Imaginez une énorme pelote barrant l’entrée du studio. Une boule impressionnante composée de fils de chanvre provenant de l’épiderme de nombreuses toiles disséquées par l’artiste. Une sorte de tissu épithélial qui donnait à cette sculpture force et sérénité. L’uniformité de la pigmentation apparentée à une peau laissait entrevoir une sorte de tissu conjonctif, un derme papillaire dense donnant à voir la profondeur de la peinture. Cette vision fut celle que je découvris en visitant Analia Saban pour la première fois. Une rencontre totémique. Economie du verbe et du geste. Au travers de cette sculpture Analia Saban édictait ses règles qui allaient devenir force de loi.

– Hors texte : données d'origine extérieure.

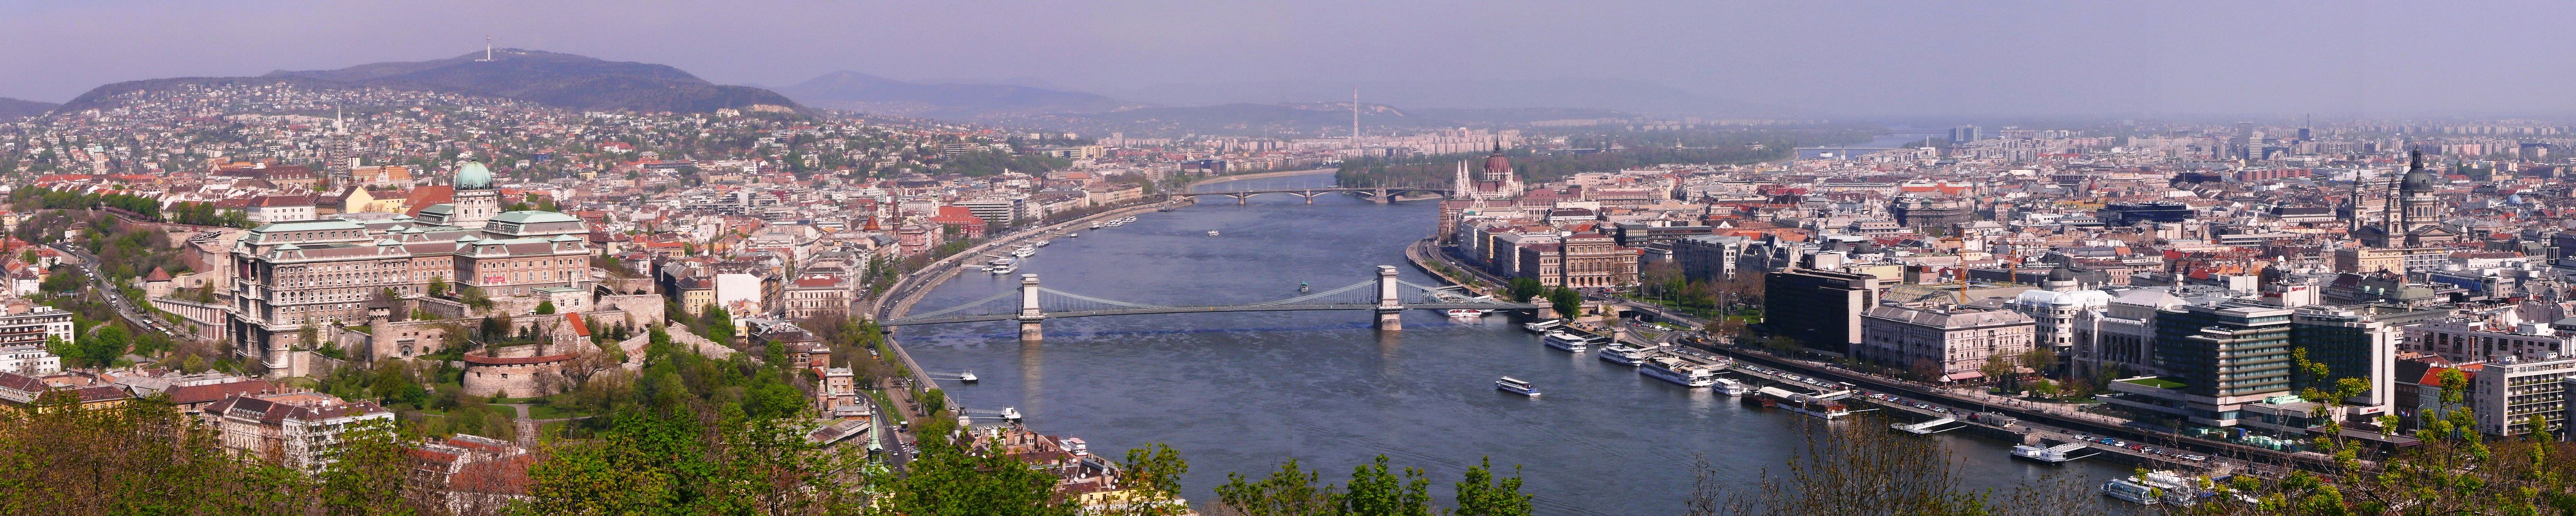 File:Budapest panorama 2.jpg - Wikimedia Commons

Détricoter, diviser, déconstruire, dénouer, démanteler, parfiler. Saban n’a eu de cesse de chercher son propre Graal en analysant au fil de ses créations ce que la peinture, sa peinture, devait être. Un questionnement qui l’implique certes, mais bien au-delà de la peinture, sculptures, dessins, photographies n’échappent pas à son analyse, voire à sa vindicte, en poussant les limites et les capacités de chaque médium tout en faisant siennes les répercussions idéologiques au-delà des genres et types de travaux concernés. The Warp and Woof of Painting, titre de sa présente exposition, n’échappe pas à la règle. Une expression empruntée au langage des métiers de lisse qui véhicule également une locution utilisée comme métaphore pour souligner une structure sur laquelle une chose d’importance est construite. Analia Saban nous dévoile au sein de cette exposition ses nouvelles propositions. Une mise en perspective de ce procédé de tissage démultipliée en petites peintures, de vrais bijoux, des trésors.
L’artiste s’exerce à nous montrer avec quelle dextérité elle joue à diversifier son oeuvre, soulignant l’intime proximité entre l’acte de tisser cette peinture acrylique en l’imbriquant dans la toile. Un exceptionnel travail où l’intelligence de la main se conjugue avec la sensibilité du créateur, les oeuvres ayant été réalisées sur un métier à tisser au sein de son atelier. De très jolis termes se rappellent à mon souvenir — navette, trame, bâton de cueillette, navette volante — des mots quasiment disparus avec l’ère industrielle, seuls les artistes ont encore ce pouvoir de l’évocation, Analia Saban est l’une d’entre eux.
Née en 1980 à Buenos Aires, Argentine, Analia Saban vit et travaille à Los Angeles. Après avoir reçu son B.F.A. en 2001 à la Loyola University, New Orléans, elle poursuit ses études à l’University of California, Los Angeles, où elle obtient son M.F.A en 2005. Très vite, le travail de l’artiste fait l’objet de nombreuses expositions personnelles et collectives, et ce, aussi bien en Amérique qu’en Europe. Ses expositions se succèdent dans des institutions muséales telles que le LACMA, Los Angeles (2014-2015), Museum of Contemporary Art, Oslo (2014-2015), Rubell Family Collection Contemporary Art Foundation, Miami (2015-2016), ou encore le Georgia Museum of Art, Athens (2016), pour ne citer qu’eux. Il y a quelques mois, elle a également investi le Blaffer Art Museum (Houston) qui lui consacra une exposition personnelle. Après avoir remporté en 2009 le prix Durfee Foundation ARC, Analia Saban est désignée l’année suivante Lauréate du City of Santa Monica Artist Fellowship. Aujourd’hui, ses oeuvres sont présentes dans de nombreuses collections privées et publiques, dont le Hessel Museum of Art, Bard College, Annandale-on-Hudson ; Hammer Museum, Los Angeles ; MOCA, Los Angeles ; Norton Museum of Art, West Palm Beach ou encore le LACMA, Los Angeles.